ICO – a term intentionally coined to mirror Initial Public Offering (IPO), is essentially an alternative form of crowdfunding. Investors can either participate by transferring fiat currencies (real money such as US Dollar) or cryptocurrencies (such as Bitcoin or Ether) to the issuer in exchange for the issuer’s own digital tokens (virtual coins or tokens). Virtual coins or tokens represent a holder’s right of benefit or performance vis-à-vis the issuer and such virtual coins or tokens may be used for payment to the issuing company for its services or products. Unlike a traditional IPO, virtual coins or tokens do not represent an ownership interest or dividend right in a company. In other words, virtual coins or tokens are not equivalent to shares in a company, and virtual coin or token holders are not shareholders of the company.
Similar to IPOs, the issuer can use the funds raised from an ICO to fund development of a digital platform, software or other projects and that the virtual coin or token holders may use the virtual coins or tokens to access the platform, use the software or otherwise participate in the project.

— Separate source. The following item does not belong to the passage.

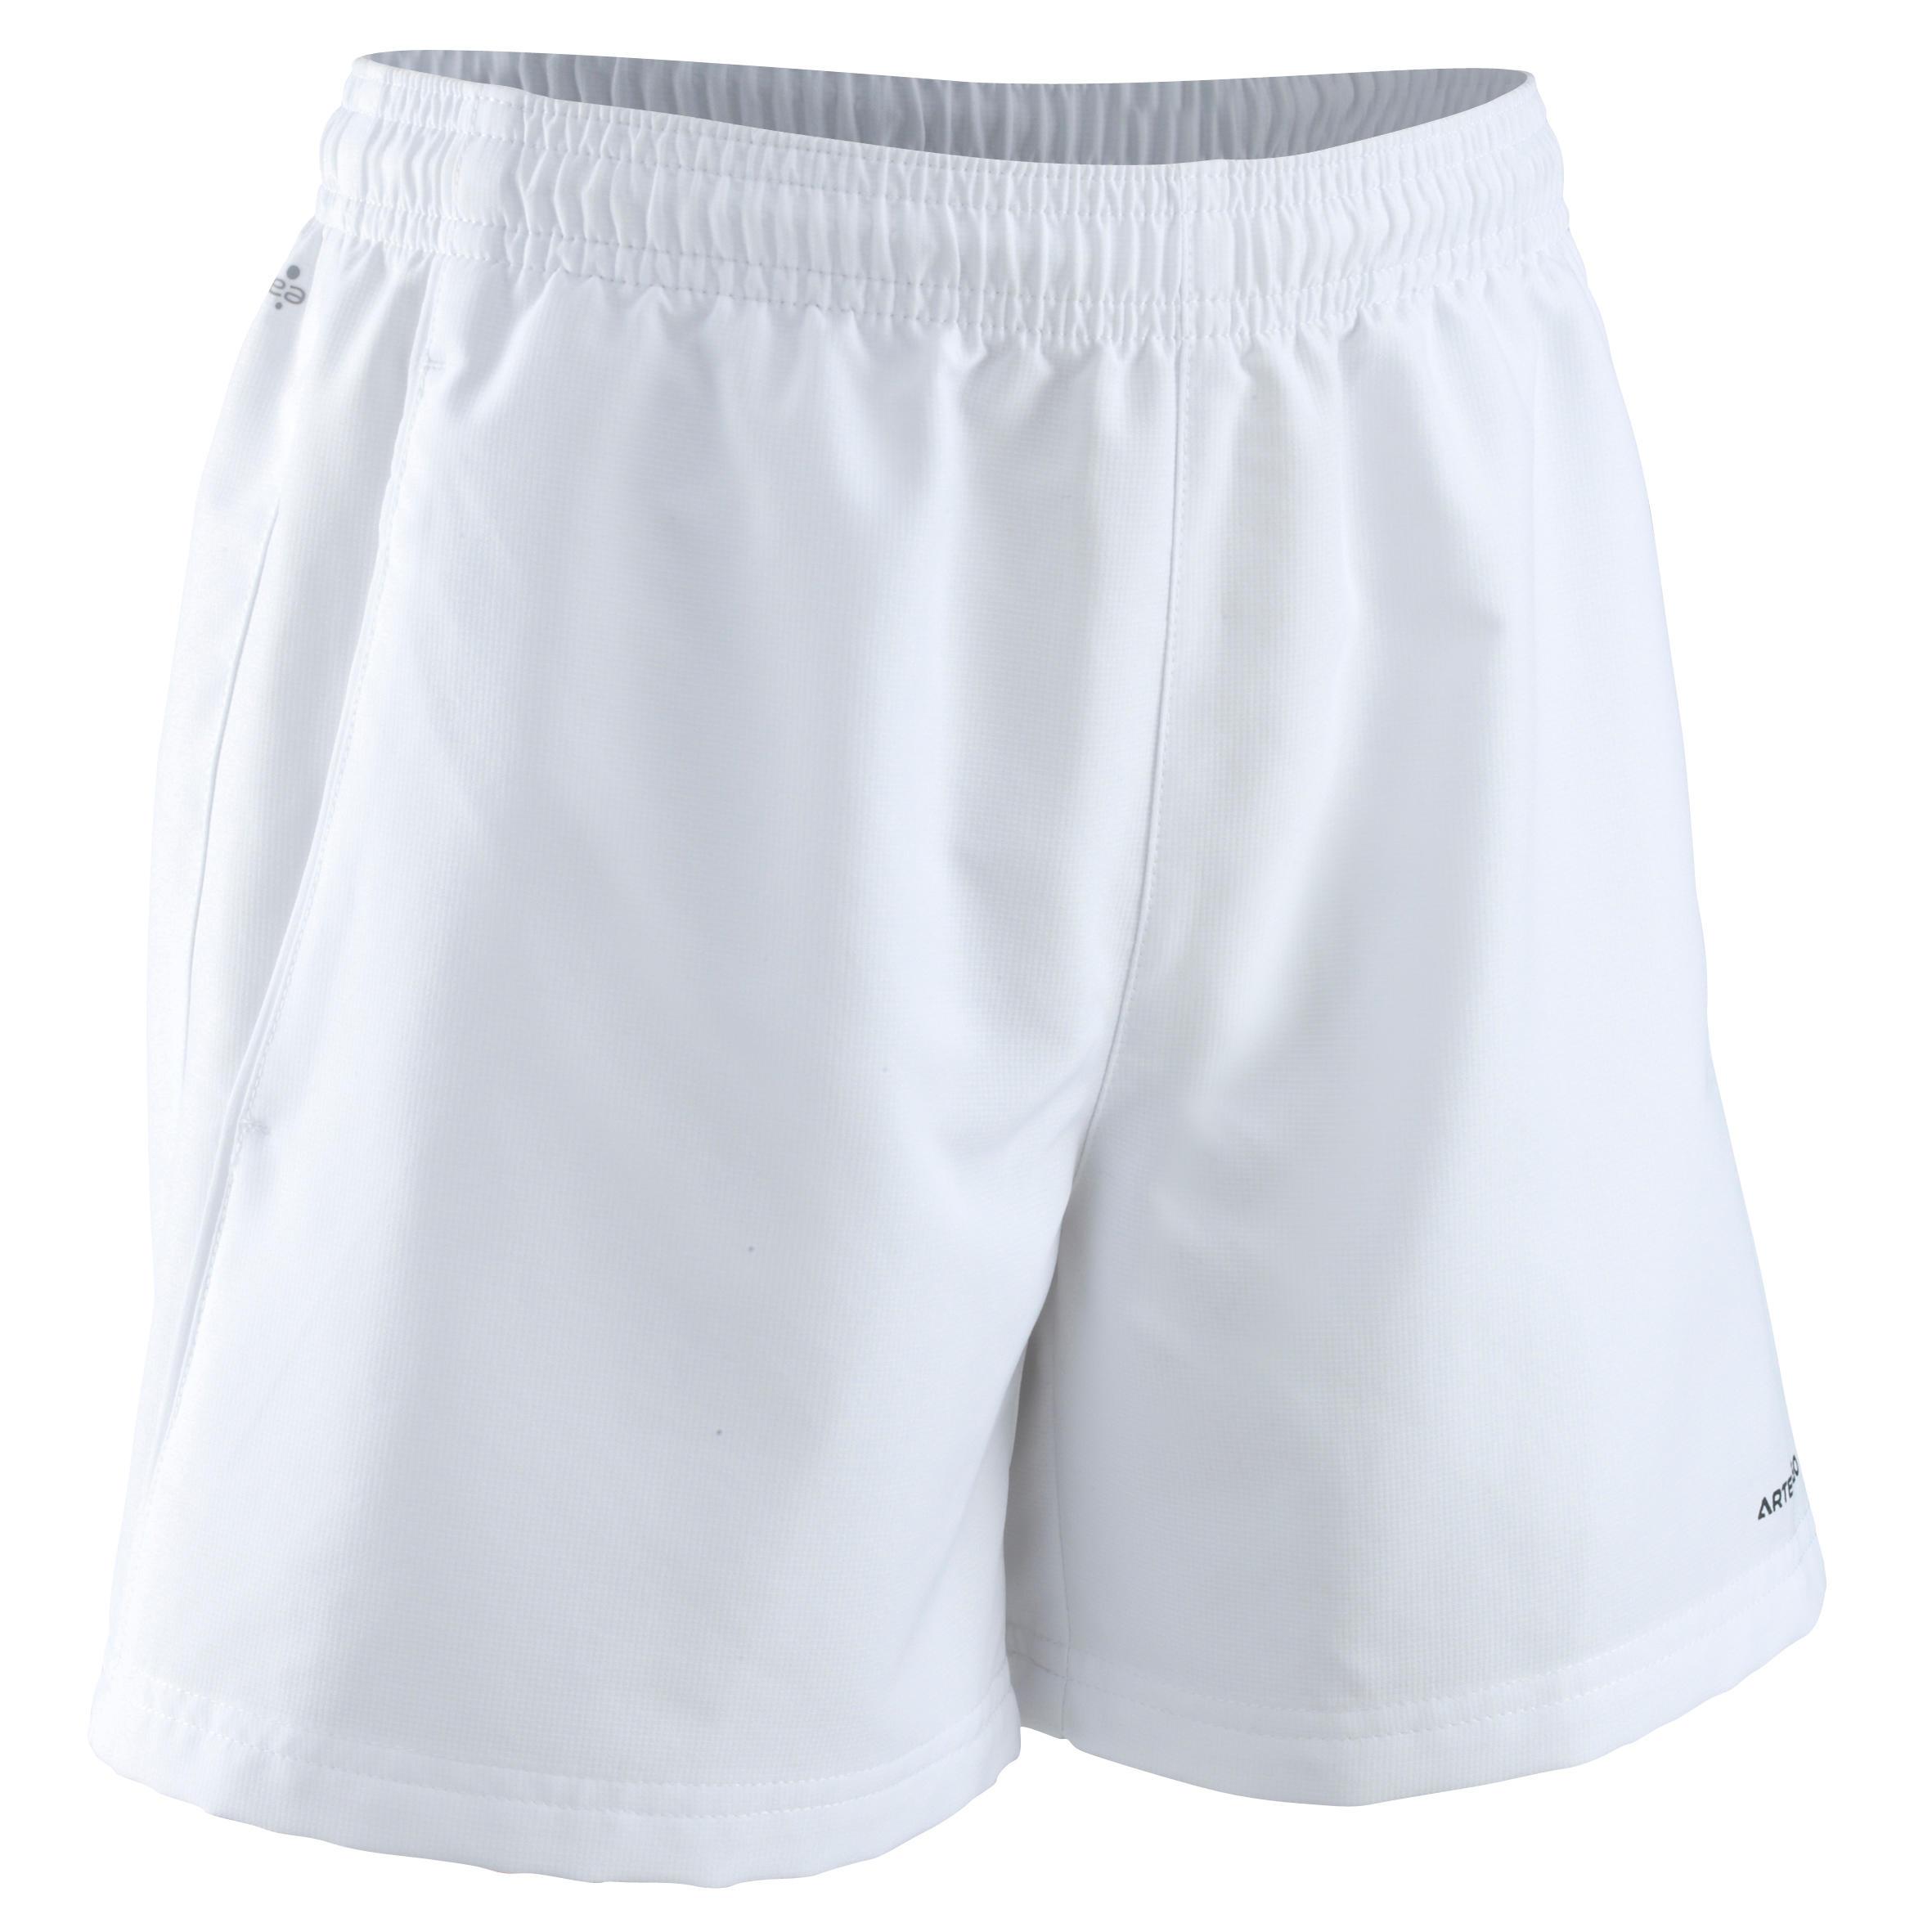 [ด่วน!! โปรโมชั่นมีจำนวนจำกัด] กางเกงเทนนิสขาสั้นสำหรับเด็กรุ่น 100 (สีขาว) สำหรับ เทนนิสชายหาด ฟร้อนท์เทนนิส เทนนิส

Some of these virtual coins or tokens are tradable on cryptocurrency exchanges, which creates a secondary trading market. From the perspective of the regulators, depending on the facts and circumstances of each individual ICO, the virtual coins or tokens that are offered or sold may be securities. If they are securities, the issuers of these virtual coins or tokens must comply with the securities laws.
While ICO may appear as an innovative and appealing way to raise funds, it nonetheless poses certain risks and challenges, particularly to investors. As ICO is carried out entirely over the Internet, the technology that supports the ICO may be susceptible to fraud, glitches, hacking or malware. Due to the nature of its borderless transaction and decentralized network, it creates a lot of challenges to law enforcement authorities when it comes to tracing the flow of money, freezing or securing investor funds that are held in a cryptocurrency wallet, which is often encrypted.
As a result of its exponential growth and the limited investor protection that an ICO offers, ICOs are increasingly being scrutinized by regulators around the world. While there has yet to be an ICO-specific legislation, it does not mean that ICO goes completely unregulated. Regulators are applying existing laws and regulations to ICOs and some progressive regulators are in the process of drafting specific ICO regulatory framework that hopefully will provide guidance and standard on running an ICO and protecting investors and financial markets as a whole.
Regulatory requirements for ICOs vary from country to country and for the purposes of this article, we will focus on the regulatory positions in Southeast Asia, a comparison of which is set out in the table below.
Legal classification of cryptocurrencies and tokens
No country has officially and legally recognized a cryptocurrency as a legal tender/currency, except Japan, which in April 2017, has enacted a law to allow the use of cryptocurrency as a legal method of payment. In fact, Japan has gone even further by approving 15 cryptocurrency exchanges (as of December 2017).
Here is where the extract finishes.